Et les deux ans se passent en alternant moments d’échanges et moments de colère, moments de lassitude et d’envie de baisser les bras devant nos classes difficiles si souvent…

Puis le CAP passé, avec succès très souvent, plusieurs obtiennent leur passage en DT. Ce ne sera pas facile pour eux car il y a un grand saut de niveau et ils se retrouvent alors avec des élèves qui sortent de seconde générale ou de première, ou qui sont même parfois titulaires d’un bac général ou technologique… Certains baissent les bras, d’autres s’accrochent et commencent à entrevoir le plaisir d’apprendre… [3] Ils font des progrès considérables et ils augmentent leur estime d’eux-mêmes…

À tel point qu’une minorité d’entre eux obtient à la fin du DT un passage en BTS.

De nouveau, c’est la lutte pour suivre lorsqu’ils se retrouvent avec des étudiants titulaires d’un bac S. Mais ceux qui ont fait ce long parcours s’accrochent et, à leur demande, on met en place pour eux des heures de soutien.

Et c’est ainsi que chaque année parmi les lauréats de BTS on retrouve une poignée de ceux qui nous avaient tellement énervés en CAP ! Quelle victoire pour eux et pour nous qu’ils ne restent pas les mêmes pour toujours !

Une chronique de Marine Cat

[1] Philippe Jeammet, Paradoxes et dépendances à l’adolescence, yakapa.be, Bruxelles, 2014.

[2] Michel Botbol, Anita Remaud, François Camus, « Le faire avec », Les Cahiers dynamiques, n°42, 2008.

[3] Philippe Meirieu, Le plaisir d’apprendre, « Manifeste », éd.
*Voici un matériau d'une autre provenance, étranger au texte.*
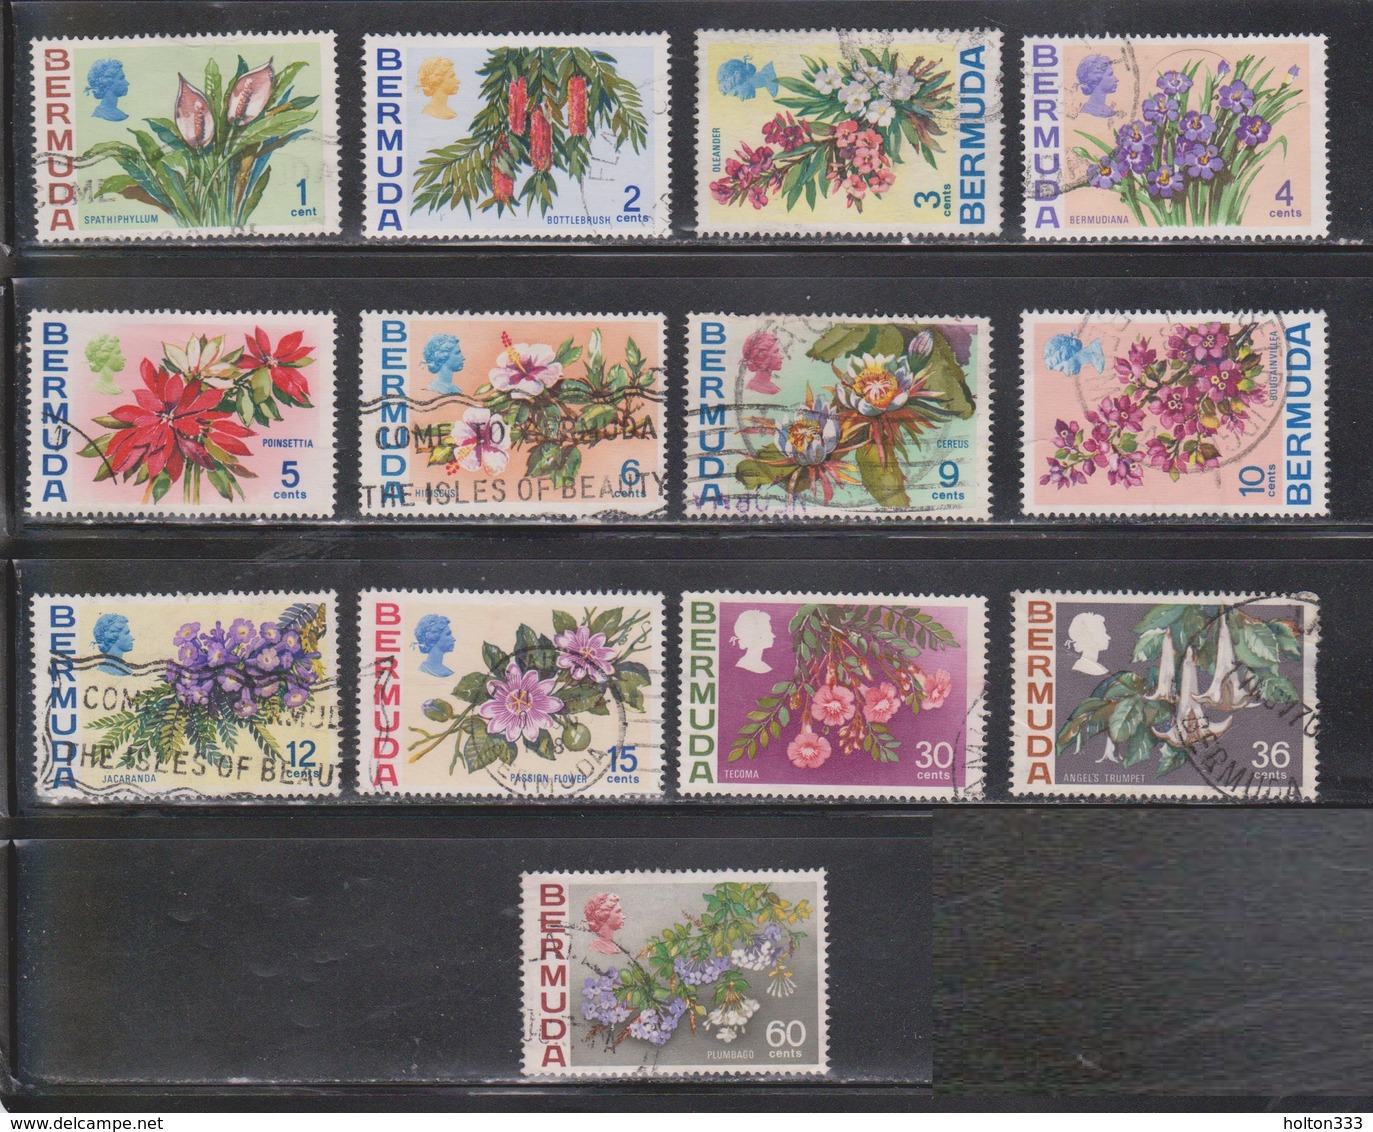 BERMUDA Scott # 255//69 Used - Flowers - Not Full Set - Bermuda

Autrement, Paris, 2014.

 

Une réponse

  1. Merci Marine 🙂
    C’est souvent aussi eux qui nous apprennent et nous donnent des leçons de vie et de courage.
    Rien n’est jamais perdu si tant est qu’on trouve les bons appuis pour se construire. Ça s’appelle la résilience je crois (Boris Cyrulnik) et notre bienveillance peut y contribuer modestement.
    Bon courage donc à tous, enseignants comme enseignés !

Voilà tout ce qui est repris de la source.